During the first part of the 20th century, some proposed that the solar system was
the result of a near collision of the Sun with another star. Planets formed from
debris of the collision. But we know now that collision (or near collisions) between
two stars are very, very rare.
Considering that collision are rare, the proposed idea of the collision may explain a
unique event on how our planetary system formed but not how other planetary
systems formed.
During the rest of the 20th century, new ideas and theories about the formation of
stars (and possible planets) made this collision theory obsolete and was discarded
In 1995, the first exoplanet (planets orbiting other stars) was discovered
Many more planets have been found so far in the solar neighborhood ( close to
1000 confirmed and more than 2000 possible ones).

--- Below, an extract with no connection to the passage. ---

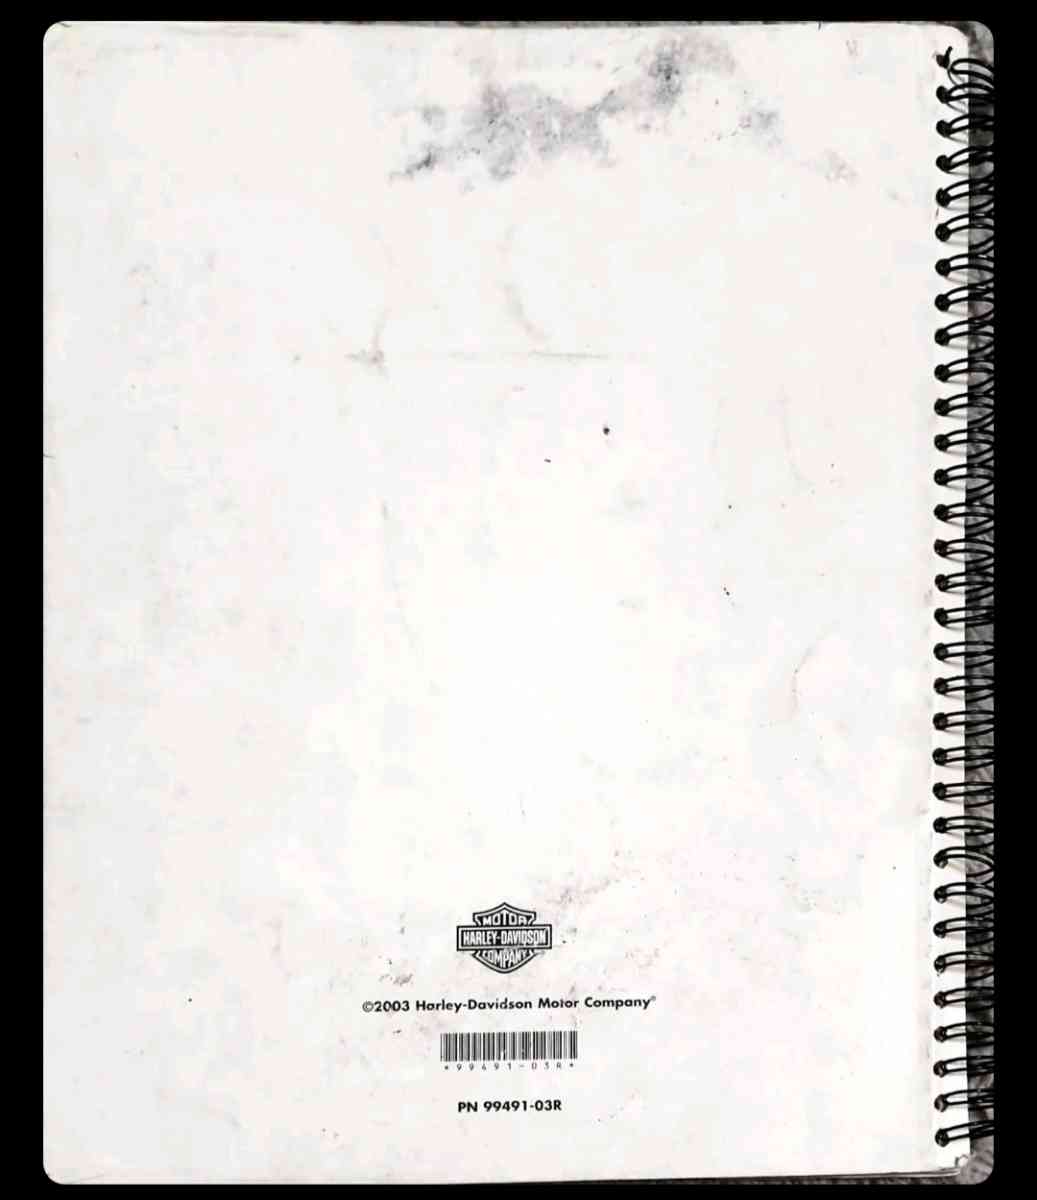 Service Manual for RX 750  Harley 1972 through 2003

It is clear now that formation
of planets is not a rare event.
Any theory about the formation of planetary system must explain the formation of
planets, not as a single unique and rare event but more like a common event in the
Galaxy
The nebular theory
• Stars are born from the collapse of an interstellar cloud of
dust and gas.
• Planets form as part of the process of the formation of a star
• As part of the formation of a star, a proto planetary disk forms
around the star
• Planets are formed from the collapse of the material of a
proto planetary disk
• The basic and simple idea suggested by Kant and Laplace
needed a lot of modifications before it became the actual
nebular theory for the formation of the solar system and
other planetary system
Where did all the dust and gas that formed the nebula
originated?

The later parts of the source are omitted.